Crown Prince Wild Caught Skinless, Boneless Sardines: These are caught in Morocco, and are an excellent option for those wanting the omega-3 fatty acid benefits to seafood, without having to eat bones (which many sardines still contain, and are a good source of calcium, but not everyone’s cup-of-tea). It’s also canned in a BPA-free can.

Crown Prince Natural Brisling Sardines: Now, these were one of the great finds for me, as I found I personally really enjoy eating these sardines! First, they are much, much smaller, so texturally much better for me (I’m a texture freak sometimes). Secondly, they are smoked, and I found that I LOVE smoked sardines! I was so happy to finally find a brand that I could enjoy eating straight from the can. These are from Scotland, and are also in a BPA-free can. Check out the different flavor options too, available on Amazon.

Sardines

And just this last week we got the chance to try two types of Matiz Gallego Sardines after finding them at a store we don’t normally shop at, and they were absolutely a hit. They are caught off the coast of Galicia, which has a long tradition of excellent seafood. This company uses methods that respect the biological cycles of the species, which I really like as well.

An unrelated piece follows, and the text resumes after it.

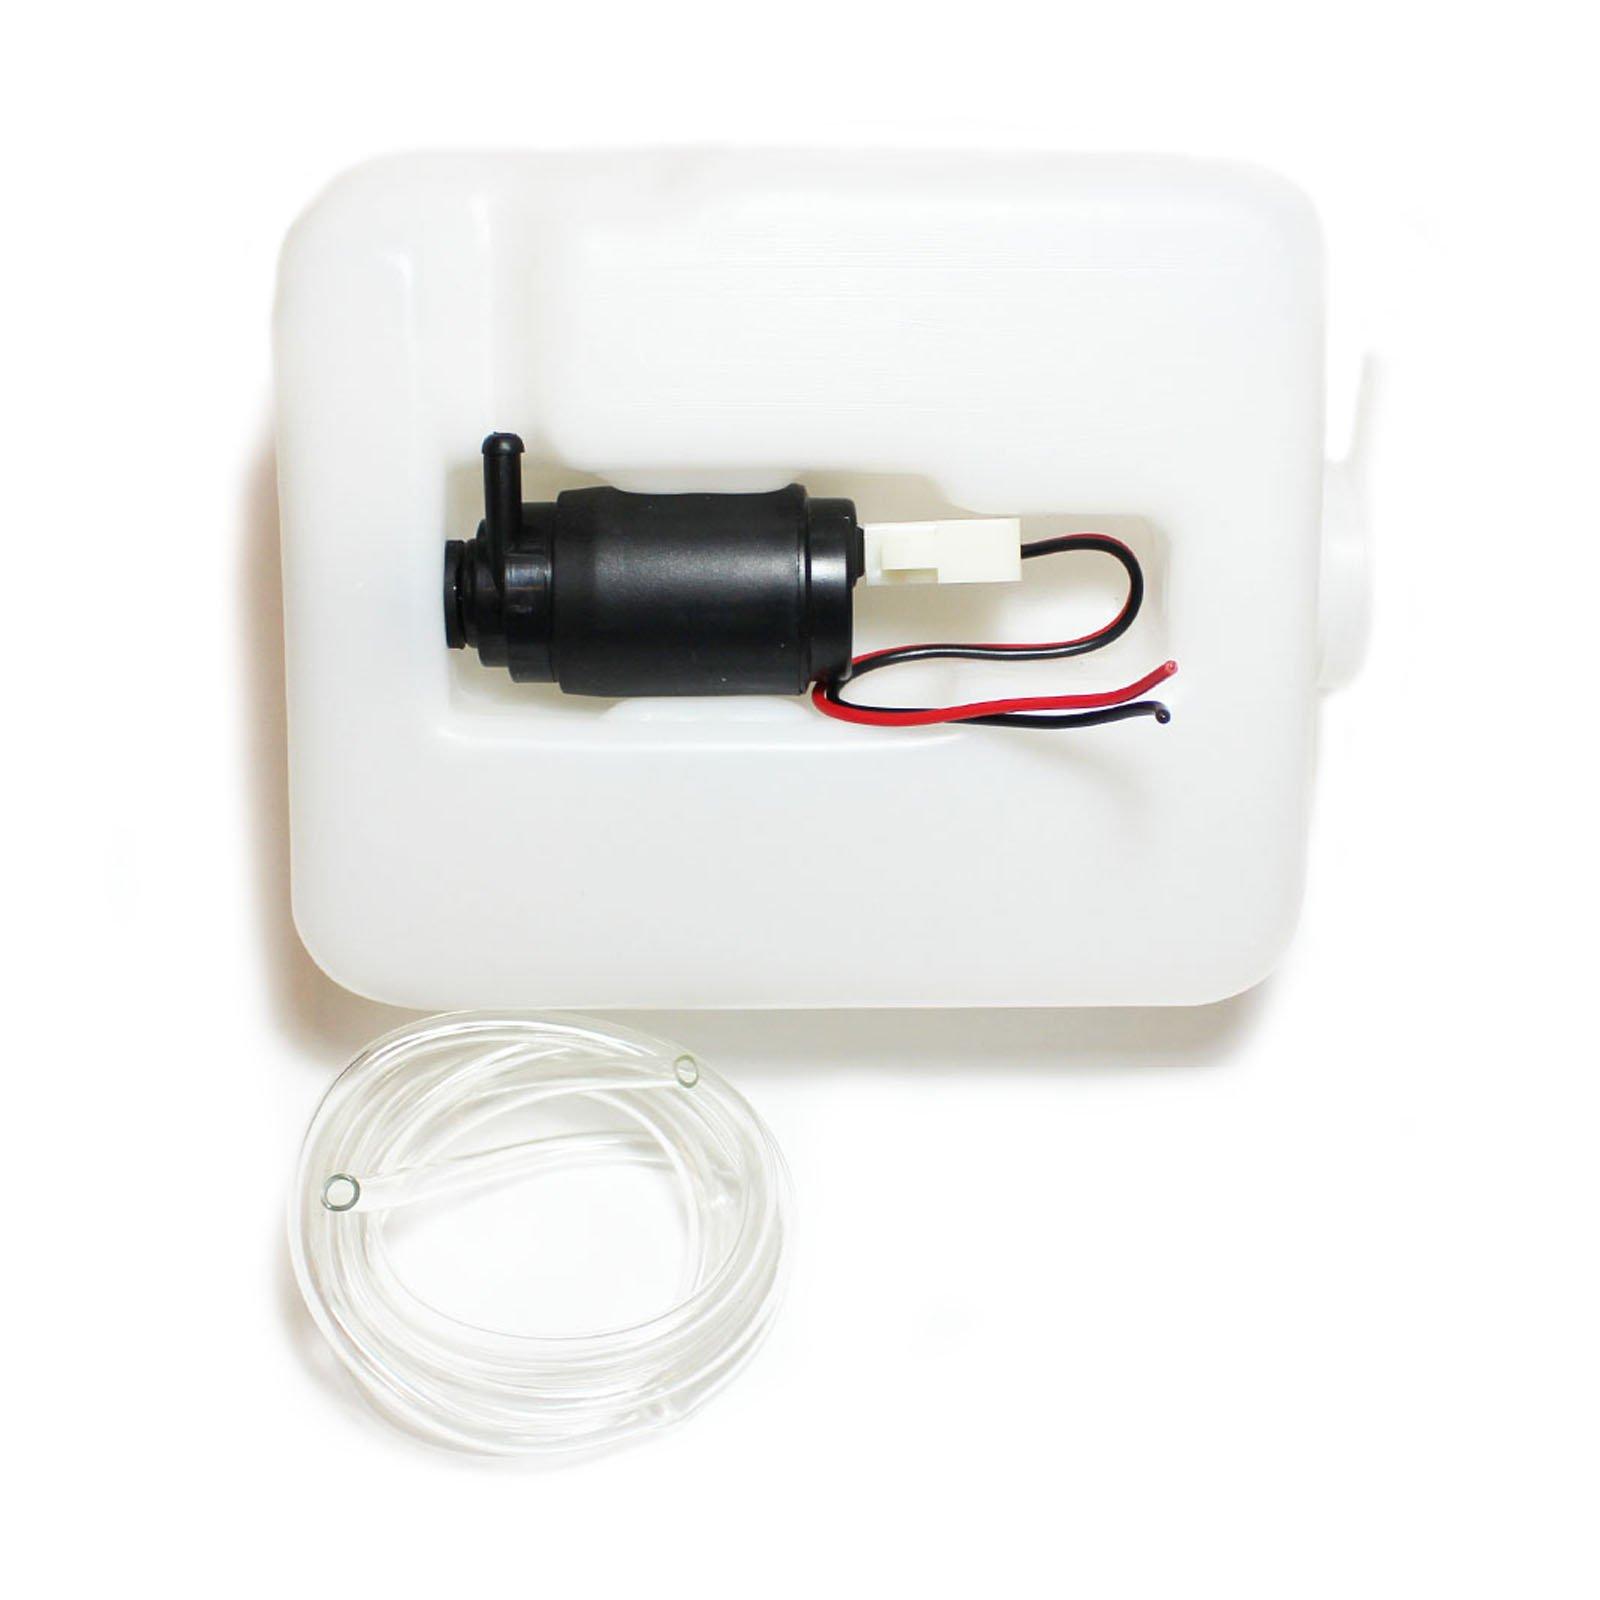 Kit universal y económico de bomba de limpiaparabrisas de 12 V y contenedor de agua de 1,2 l. De ACP: Amazon.es: Coche y moto
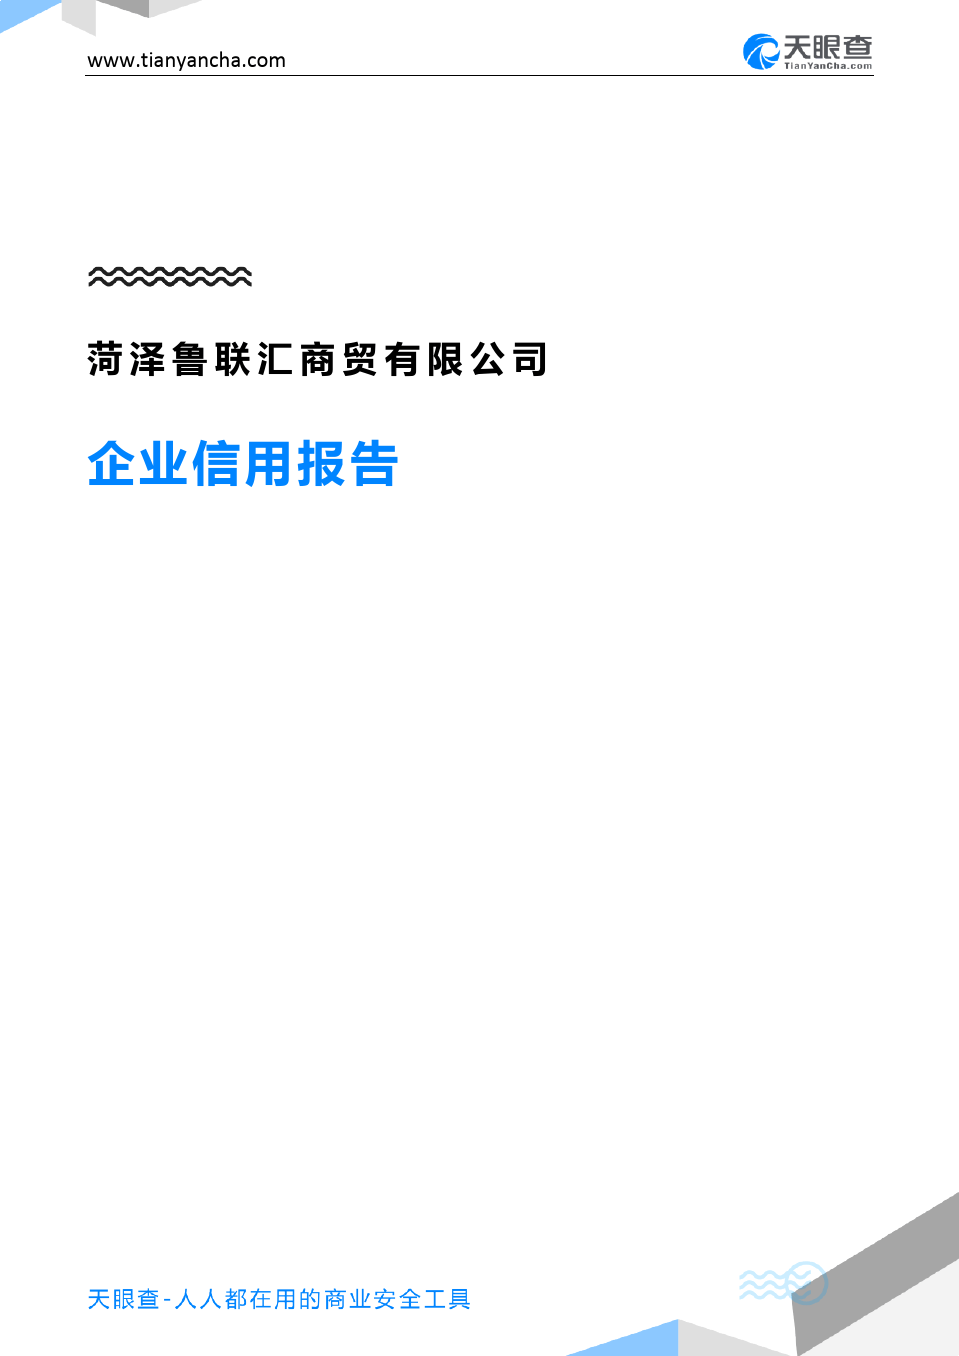 菏泽鲁联汇商贸有限公司(企业信用报告)- 天眼查

Matiz Gallego Sardines in Olive oil: These ones are a lovely basic sardine. Our can contained fairly large sardines. My oldest (who is seven) loved them. Because they are larger sardines, they aren’t my favorite. They also have a lemon flavored version, and canned octopus as well!

Matiz Gallego Sardinillas with Piquillo Peppers: Oh my goodness, this is my new favorite sardine! Even my three year old, who usually won’t eat sardines, loved this one! It has two things going for it, first “sardinillas” apparently means baby sardines, so they are small and tender, and not mushy like the big ones can be. Secondly, they have a delicious, sweet pepper sauce that just highlights the flavor enough to make you really enjoy them. I’m a fan.

Other brands I haven’t tried yet:

I also wanted to share a couple other brands that I haven’t had the chance to try yet, but fulfill similar criteria.

Bela-Olhao Sardines: These are fished from Portugal, canned within eight hours of being caught, and come in four flavors, olive oil, hot sauce, tomato and lemon sauce.

King Oscar Brisling Sardines: As I mentioned before, brisling sardines are so much smaller than other types, that texturally I like them so much better. This brand also smokes them, cans them in olive oil, and they are fished from the coastal water of Norway. BPA-free. These are also a great price on Amazon right now. Also check out all of the available flavors here.

NW Polar Kipper Snacks: Fished from North Sea and North Atlantic

Does anyone have some other great brands to add? I’d love to get more recommendations!